29 of 385 comments (clear)

  1. Delete by Anonymous Coward · · Score: 2, Insightful

    Time to delete them all

  2. A Lawyer's Fantasy ... by perpenso · · Score: 4, Insightful

    I have kept every every email I have ever sent or received since 1990 with the exception of junk mail (though I kept a lot of that as well) ...

    You are a hostile lawyer's fantasy come true. ;-)

    1. Re:A Lawyer's Fantasy ... by tareko · · Score: 1, Insightful

      I don't get the difference between this person and all the people of old whose many personal and mundane letters litter collections everywhere and make historical accounts more rich and precise. I bet he can track the births and deaths of countless relationships through those emails, which is itself of tremendous worth.

    2. Re:A Lawyer's Fantasy ... by ShakaUVM · · Score: 2, Insightful

      >>You are a hostile lawyer's fantasy come true. ;-)

      We've won a couple lawsuits because I save all of my email.

      We had a contract to do a workshop with Maricopa County - the same people whose Sheriff is under investigation by the FBI right now, and of Immigration Law fame. And who have a lot of other shady things going on right now, but I digress.

      I'd traded a series of emails with them planning the workshop. Everything was all set. Then, about a week before the workshop, they say they don't need me to come after all. Ok, sure. So I try to reschedule with them. Nope, sorry, you didn't show up to the workshop, so you breached the contract. I sent them a copy of all the emails. Nope, sorry.

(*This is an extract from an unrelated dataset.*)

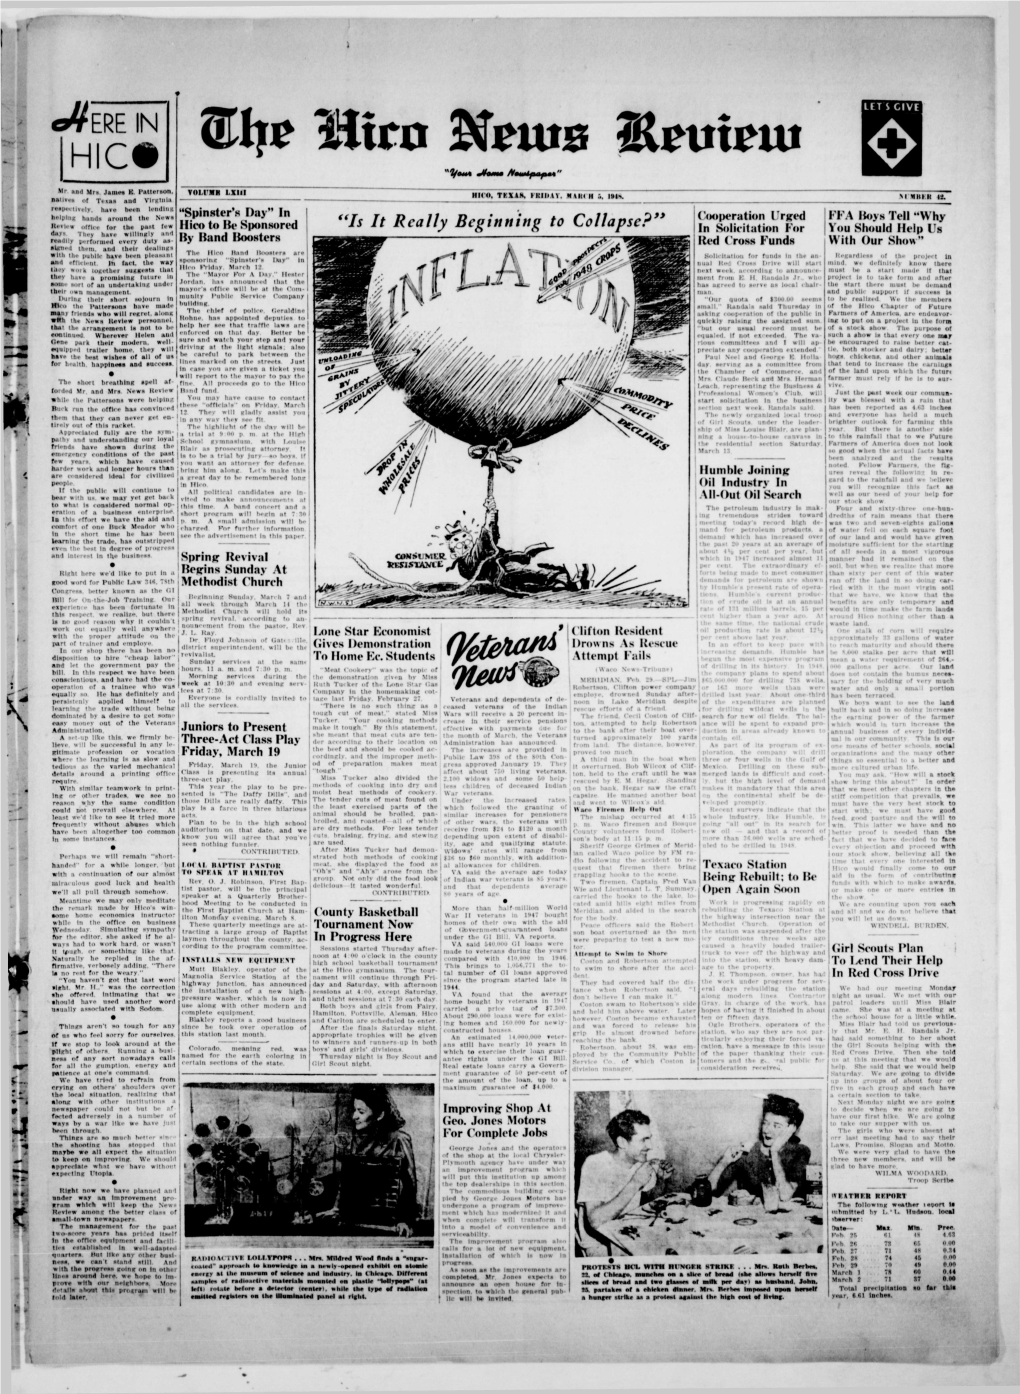 Hico News Review 1948 03 05.Pdf (14.86Mb)

      Filed a lawsuit. They wouldn't settle. Showed the email trail of everything. Got a check for over $30k. Didn't have to do the work. (Of course, I'd have preferred if everyone had just done as they'd said, and it was much more of a hassle to sue than to just do the damn work.)

      Lawsuits are often won over who has the best documentation. If you do your work honestly, having full email records is probably going to help you more than hurt you in lawsuits.

  3. Google Mail. by sidragon.net · · Score: 3, Insightful

    See subject.

    1. Re:Google Mail. by Anonymous Coward · · Score: 1, Insightful

      Uh, privacy would be the reason.

  4. Mbox or SQLite by Anonymous Coward · · Score: 2, Insightful

    If you want an "email format" why not mbox? Many things currently support that as an import option.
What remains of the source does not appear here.